Getting Data In

Time extraction in CSV

redc
Builder

I have a CSV file that has a rather large number of fields (189, to be exact). The timestamp is in field #47 (CREATEDATE) and is in %Y%m%d format (field is limited to 8 numeric characters, so 20130101, for example).

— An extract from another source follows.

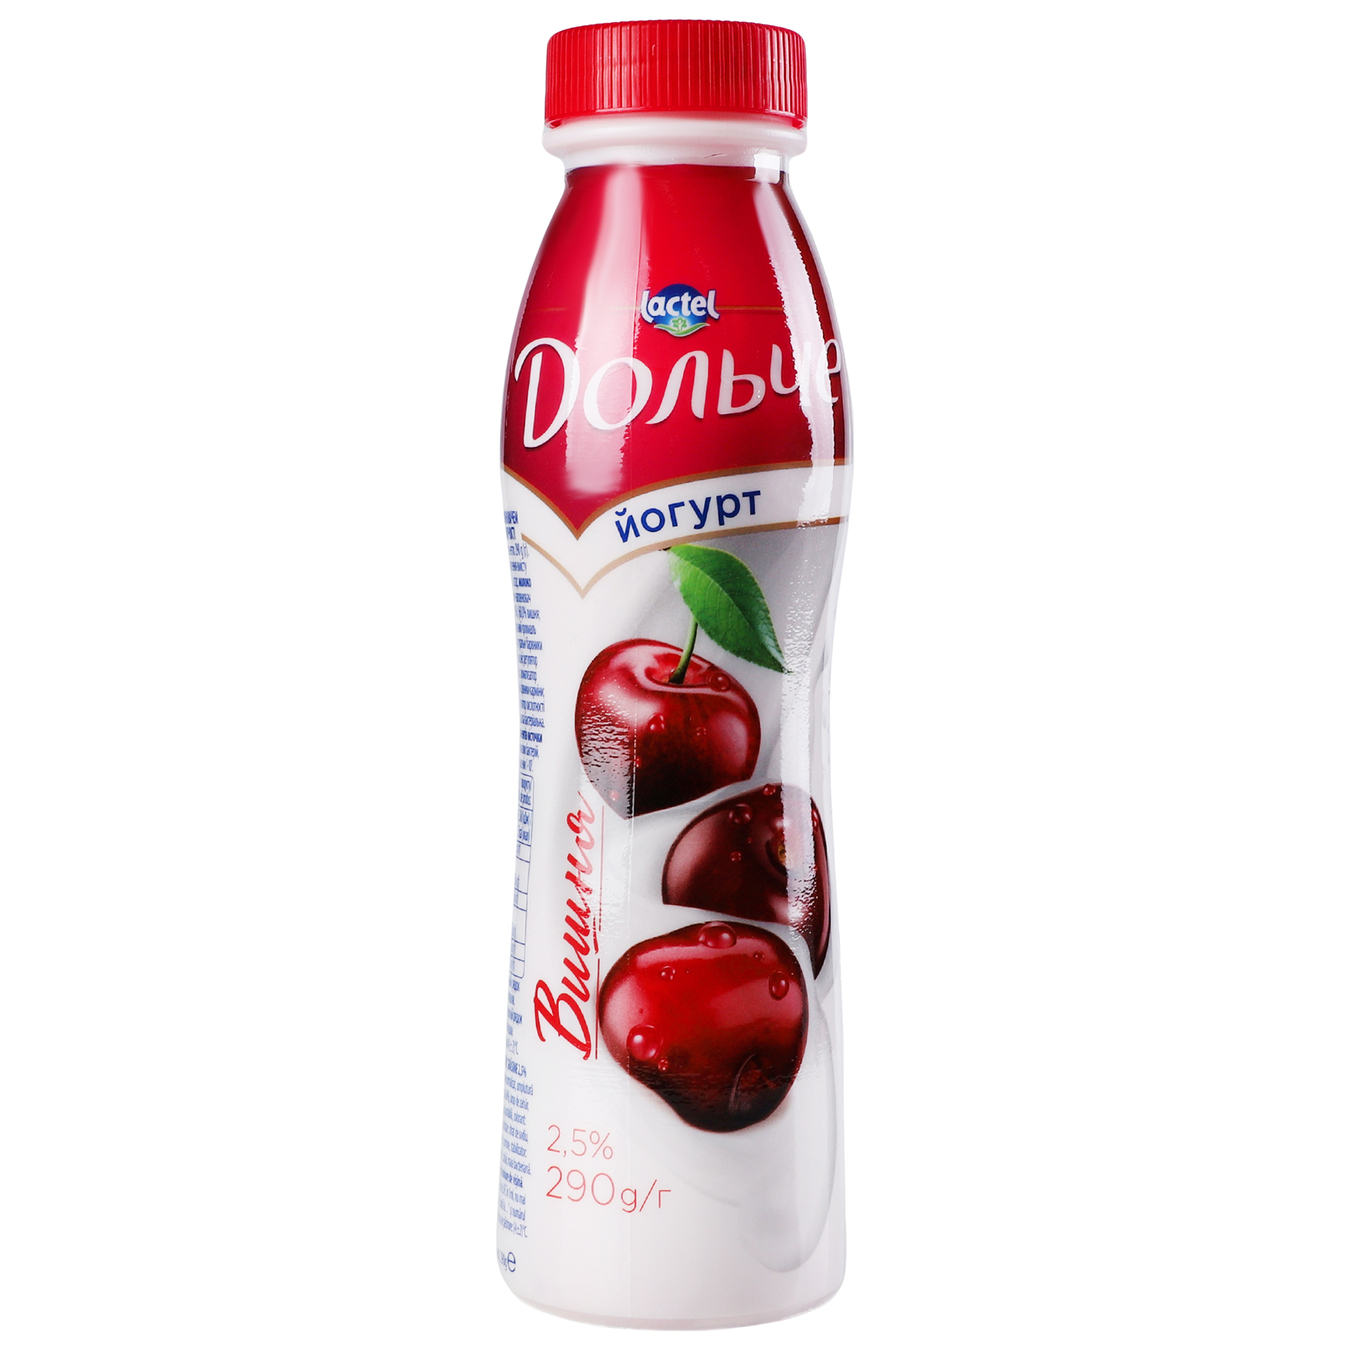 Lactel Dolce Cherry Flavored Yogurt 2,5% 290g

I have tried numerous TIME_FORMAT and TIME_PREFIX, extractions to no avail; I also can't seem to get Splunk (v 6.0) to recognize that the first line is the header when using HEADER_FIELD_LINE_NUMBER (which, if I understand correctly, would allow me to use TIMESTAMP_FIELDS to identify the timestamp as the CREATEDATE field rather than using a regex or anything like that).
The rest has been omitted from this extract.